Source data Block Start

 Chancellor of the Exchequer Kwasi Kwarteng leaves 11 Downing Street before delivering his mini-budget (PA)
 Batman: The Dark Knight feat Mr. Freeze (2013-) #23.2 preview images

Source data Block End
Source data Block Start

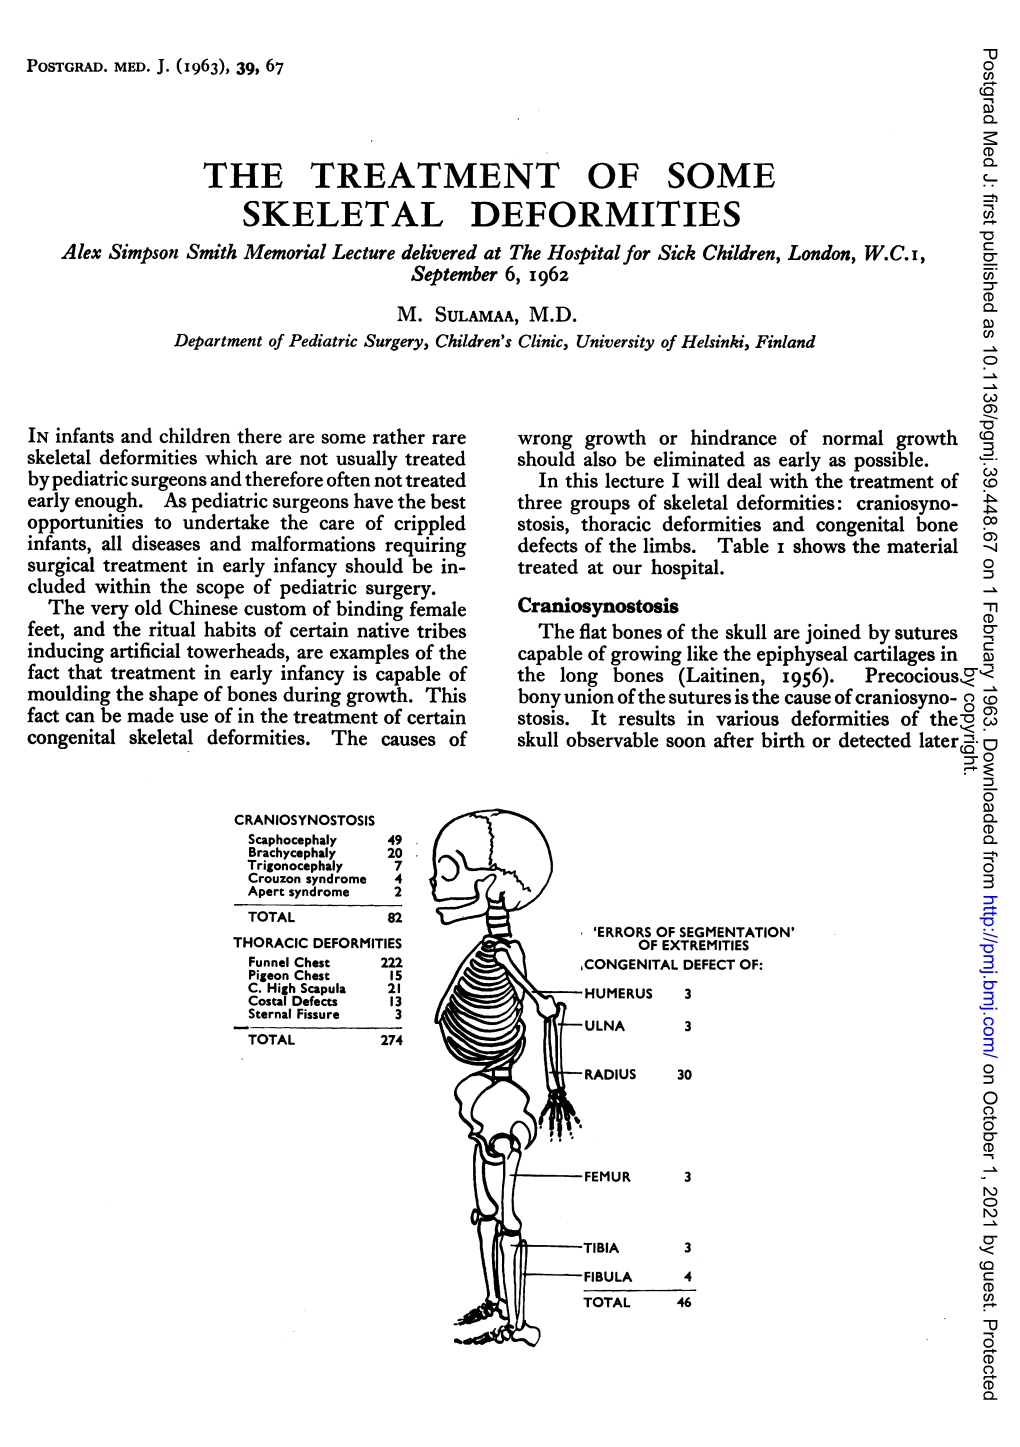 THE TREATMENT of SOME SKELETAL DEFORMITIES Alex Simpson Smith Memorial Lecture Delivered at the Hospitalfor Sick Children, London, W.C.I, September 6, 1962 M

Source data Block End
Source data Block Start

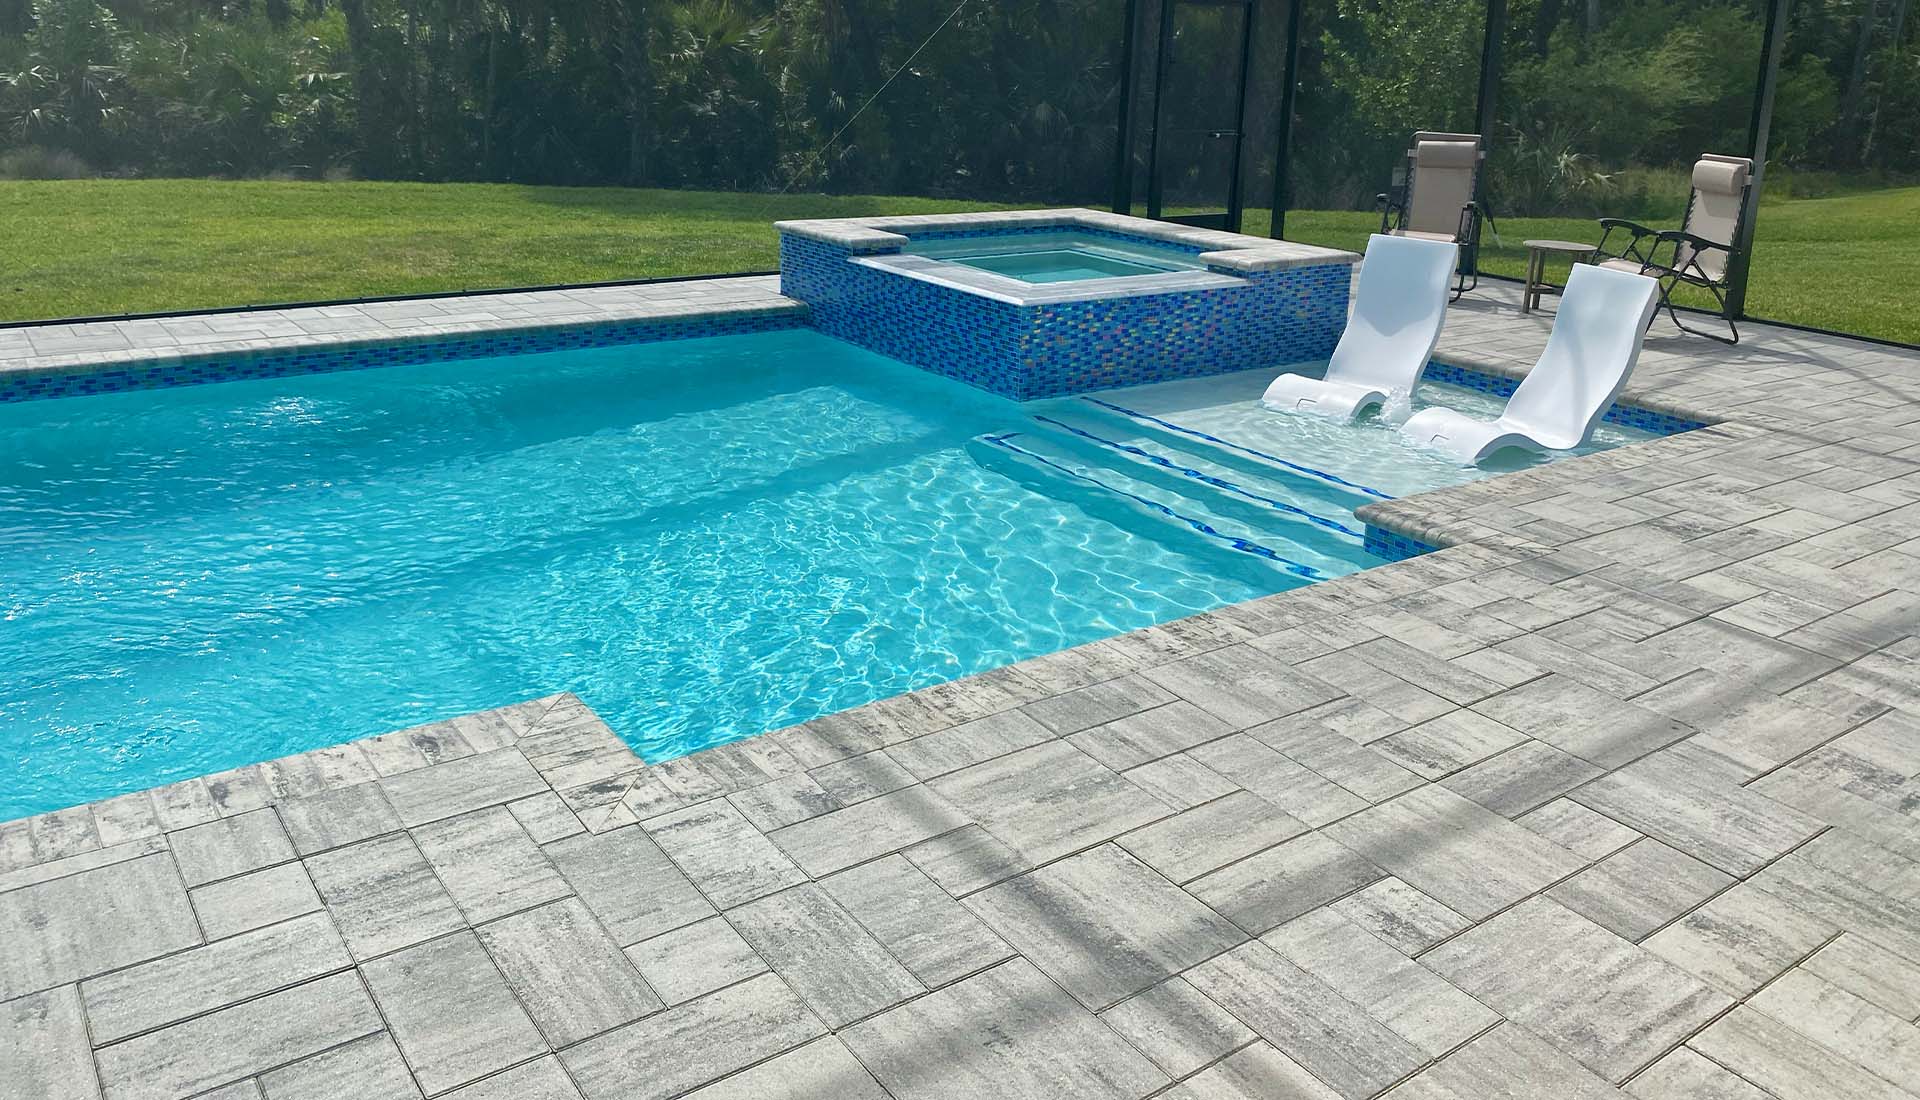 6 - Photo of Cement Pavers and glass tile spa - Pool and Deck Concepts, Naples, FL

Source data Block End

What is being asked> Only the lines above starting at the line that holds "Chancellor of the" and ending at the line that holds "Batman: The Dark" are to be repeated, exactly and in full.

Task answer>
 Chancellor of the Exchequer Kwasi Kwarteng leaves 11 Downing Street before delivering his mini-budget (PA)
 Batman: The Dark Knight feat Mr. Freeze (2013-) #23.2 preview images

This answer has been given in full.